2013 sucked less, Let's at least try to do the same this year

Every end of year I look back at what I have done for the previous 365.25 days. And every year I am a little disappointed. I look at the million of ghost projects I started that will never see the light. Like every year I believe this time it will be different, I will complete my projects and make my millions of dollars. Looking at it in this angle it is a complete failure. But that's OK. I once heard that it is the little things that matter.

In 2013, I have started this blog. It's not the first time I do it but it is the first time I stick with it for this long. There are some projects that I made that took years to come to fruition only to be forgotten. I plan, I code, I consult, I code, then I give up. With this one, on march 26 at 12am I had some ideas I wanted to share but had no medium to do it. So I opened my IDE and started coding. One hour later I had a simple CRUD/blog ready to be deployed. In the following few days I started writing and on April first I published my first post. Sure I could have just installed WordPress but I'm a developer and where is the challenge in that?

idiallo Blog history

Started at 12:07am and finished at 01:02am

I did not create twitter or create the next big thing and if you check my past there is no "one great thing" that made me popular in anyway on the Internet. In other words, this is a ghost town. So if I get one person to read my blog and leaves satisfied then I have a reason to keep going. I don't know about satisfied, but on April 15, two weeks after grand opening, there was a whooping 574 users reading my opinion on whether a college degree is important or not. You can make fun of me for the 574 but it was more than enough to keep me going.

Writing is not something that comes naturally to me. I like it but it is hard. The conversion from thoughts in my head to written words is like comparing being at the beach watching the sunset and receiving a post card with a picture of a sunset on it. Not quite the same. After 8 months of writing I can say that I am getting better. But more importantly I learned that sharing your thought is what matters, your audience will help you find the right words.

To date, the most popular thing I wrote is about the Personal computer lifespan. It was a game changer for me. It made me understand that even though a reddit user said that I write at a 7th grade level, what matters is that my audience understands my message. If you haven't read it yet check it out.

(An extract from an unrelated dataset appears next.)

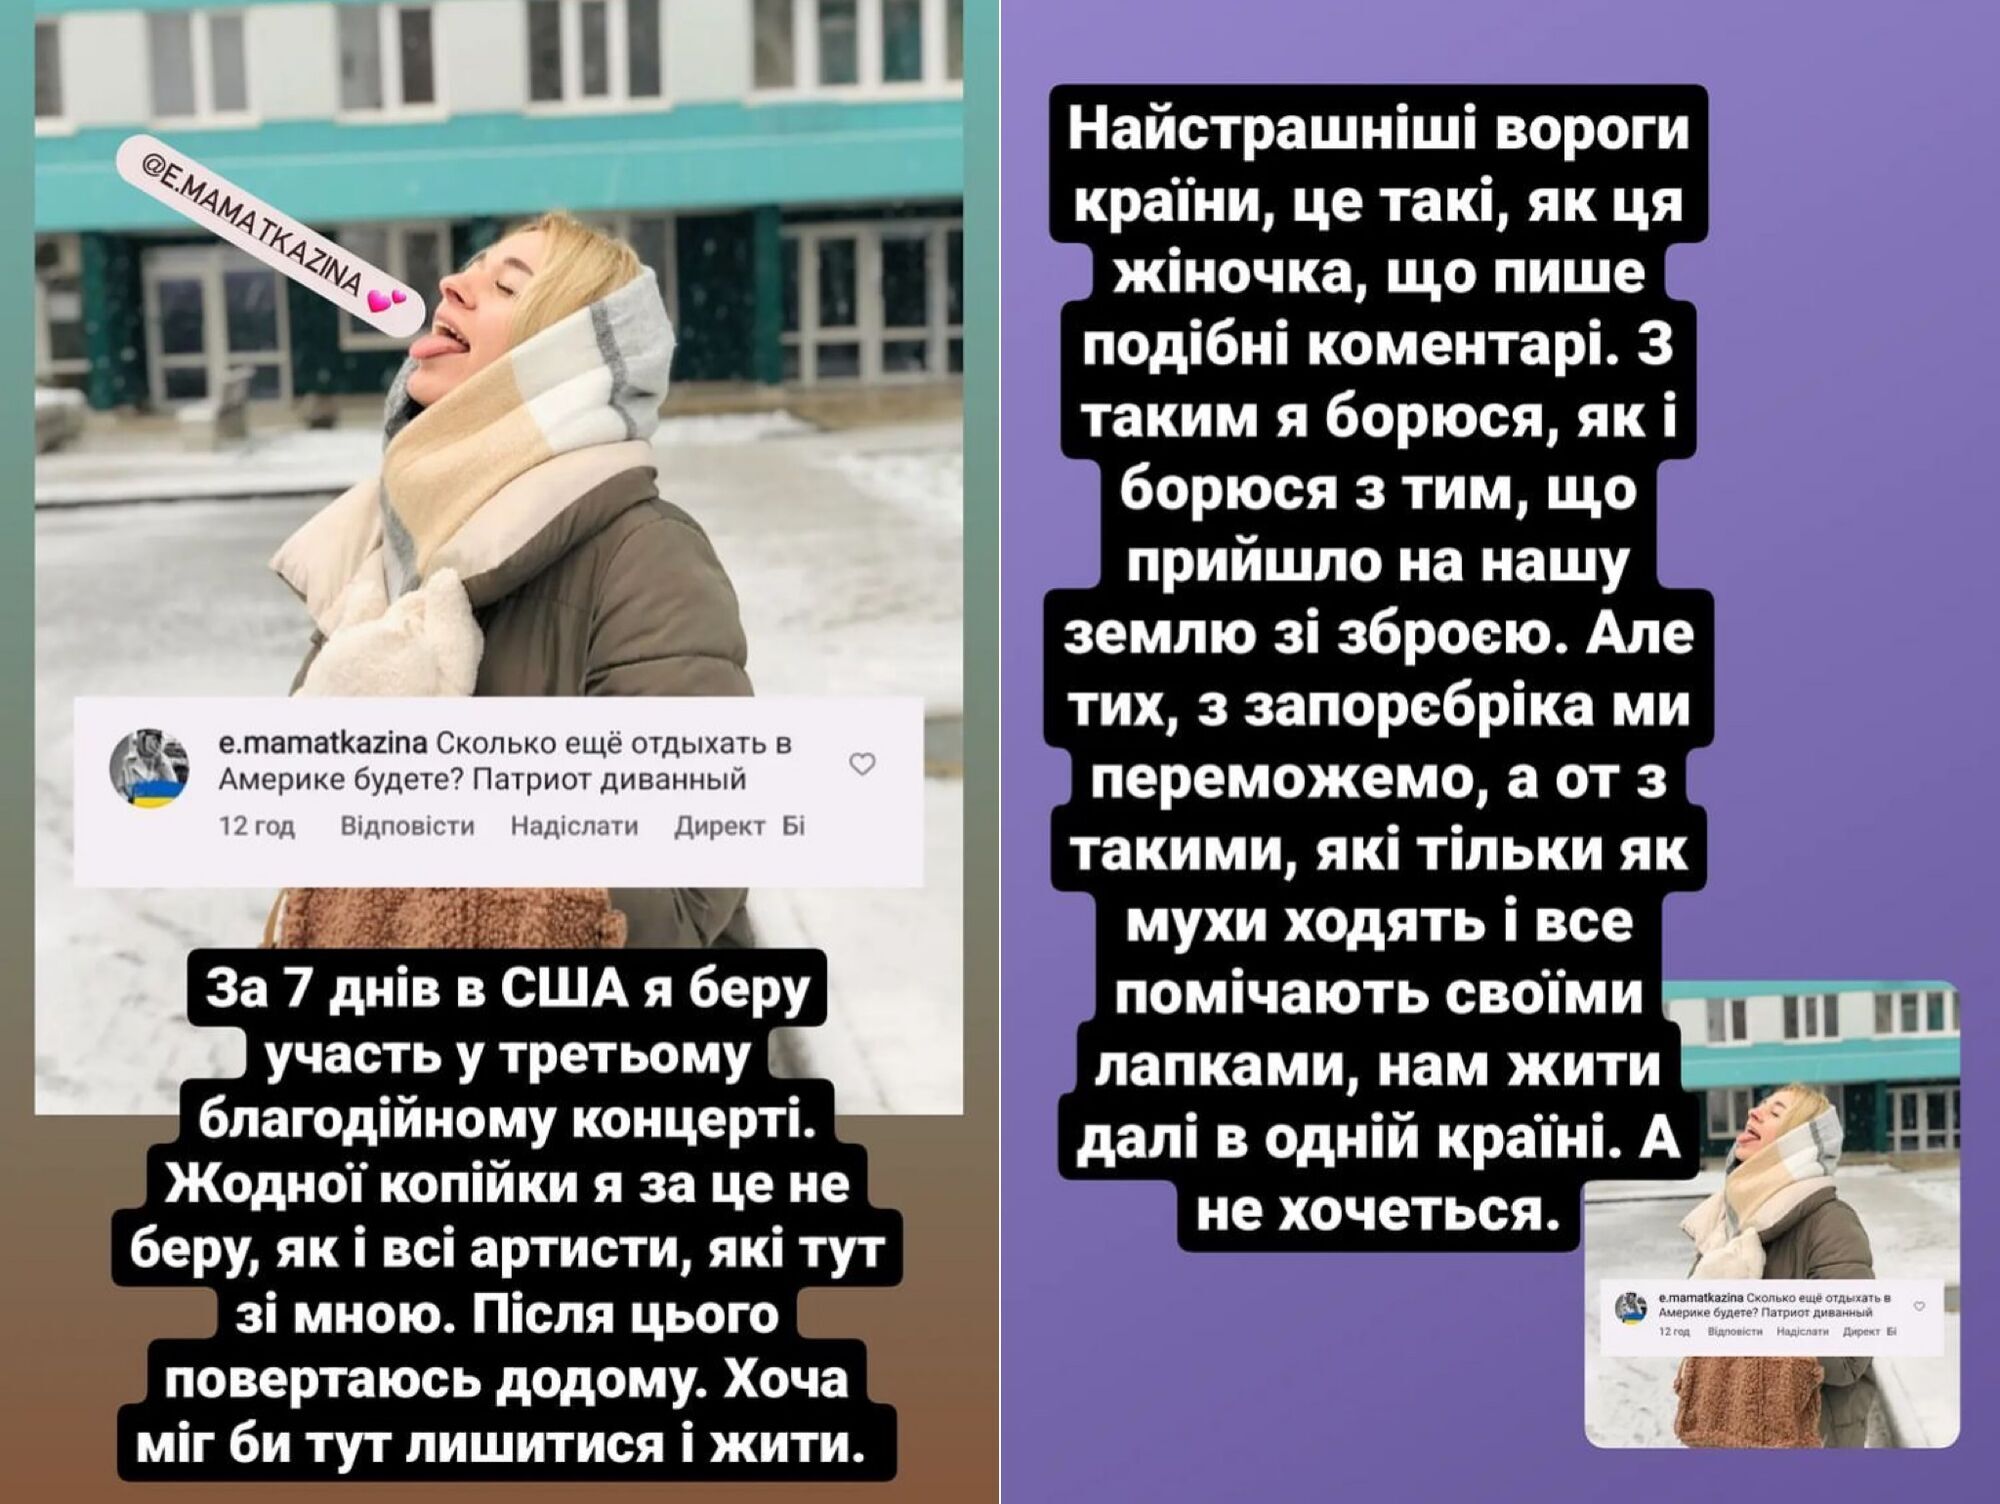 "Ми не заробили ні копійки": Анатоліч з-за кордону поставив на місце українку і спростував міф про зірок, які "зажралися"

Other than the blog, there are other realization I made in the year 2013. Like this one:

You should be unhappy with code you wrote a year ago. If you aren't, that means either A) you haven't learned anything in a year, B) your code can't be improved, or C) you never revisit old code.

I firmly believe this; every time I look at my old code I have the impression I was on something when I wrote it. However, quotes from the humble programmer are becoming a cliché nowadays. Even the person who has been programing JavaScript for a couple weeks say that their code sucks just to fit in, but they still act as experts. I, too, am guilty of this. I read a few comments I made on Stackoverflow and apparently at some point I called myself an expert in JavaScript. I did make a lot of important contributions for my current employer in JavaScript. I optimized the front-end of some sites and made it blazing fast. But this is just a tiny little field in JavaScript and I can in no way call myself an expert today. There are many things I have yet to even try in JavaScript, MVC frameworks being one of them. So today, when I say I don't know something, I mean it. I am not trying to sound cool. I have absolutely no freaking idea what I am doing.

If I have to summarize 2013 it won't be much different from how I feel about 2012. Every year we get better. Doesn't matter if it is a small improvement, as long as we suck less every time. Go back to your new year's resolutions from 2013 or the previous years. Write them down if you have to. Yes there are a lot of things that you abandoned but thats not the point.

Well it's your list. You know that you have improved in something in someway. Now it is 2014, you have a blank slate again. Let's suck a little less this year.